His astral body lifted away from his real body, standing about a foot above and away. She tugged on the curtain to minimize any light show that people outside might witness. She could explain it away, she just didn’t really want to have to bother.
Lis reached out, and it seemed like she was handing over a cigarette. She wasn’t.
It was a fragment of black iron that was uncomfortable to hold.
“From Maricica.”
“Abyssal?”
Lis nodded, drawing on her cigarette.
Leaving Kira-Lynn to find what she needed to do with Stefan to fix him.
“He’s a weasel,” Lis said. “A very good one that’s easy to underestimate. Because he’s worthy of very little estimation.”

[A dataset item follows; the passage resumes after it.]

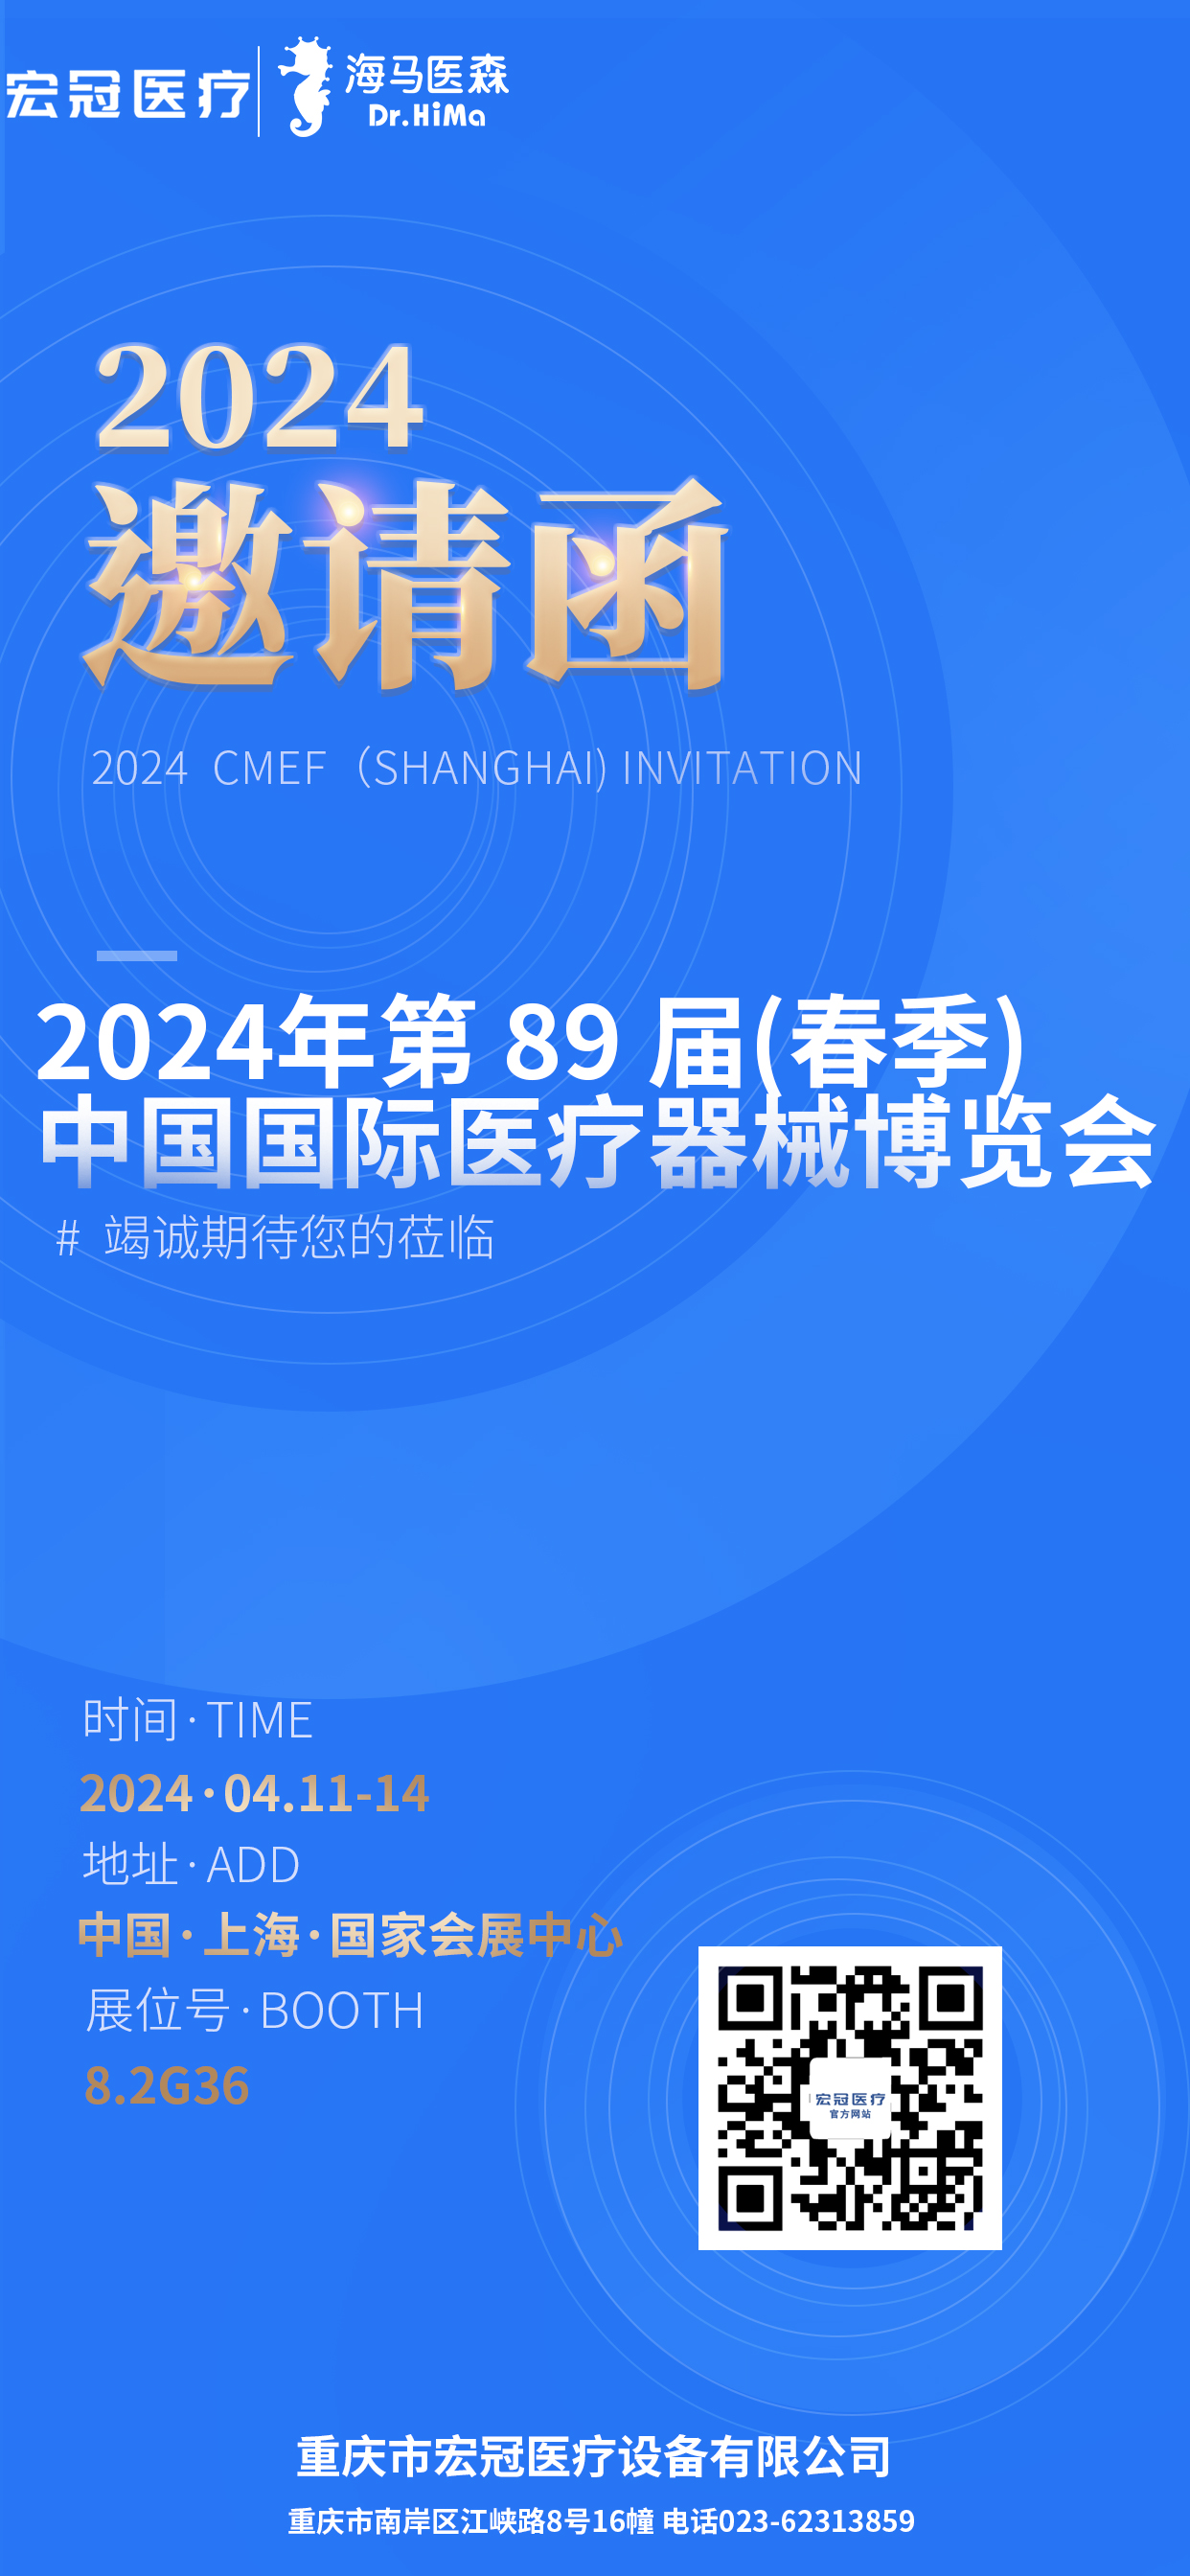 Fanasana ho an'ny 2024 CMEF(Shanghai)

In the solar plexus. She pushed the kernel of tainted metal in, The spirit moved, uncomfortable, but it was fixed in place. Stefan, unaware and detached, grimaced, writhing, but couldn’t get away as she pressed it in, insistent.
He needed the right mindset, and the solar plexus was where the spirit processed things. To process in a darker, more driven light, to feel out for opportunity with instinct. To be a bit meaner, as a general effect.
She re-aligned Stefan. Spirit, now with kernel inside, merged and overlapped with body. He made faces, gasping, as the kernel wormed its way in through flesh, leaving only a scab behind.
She turned to Teddy, “You do me next. Mercy and compassion tends to sit between the throat and heart.”
“You’re serious. I’m not trained for this. I barely get it.”
“I’ll run you through it. Kill my mercy and compassion. If we don’t like it, we can reverse it. But I can promise you, shit is going to go down by the time we’re done with our patient, here.”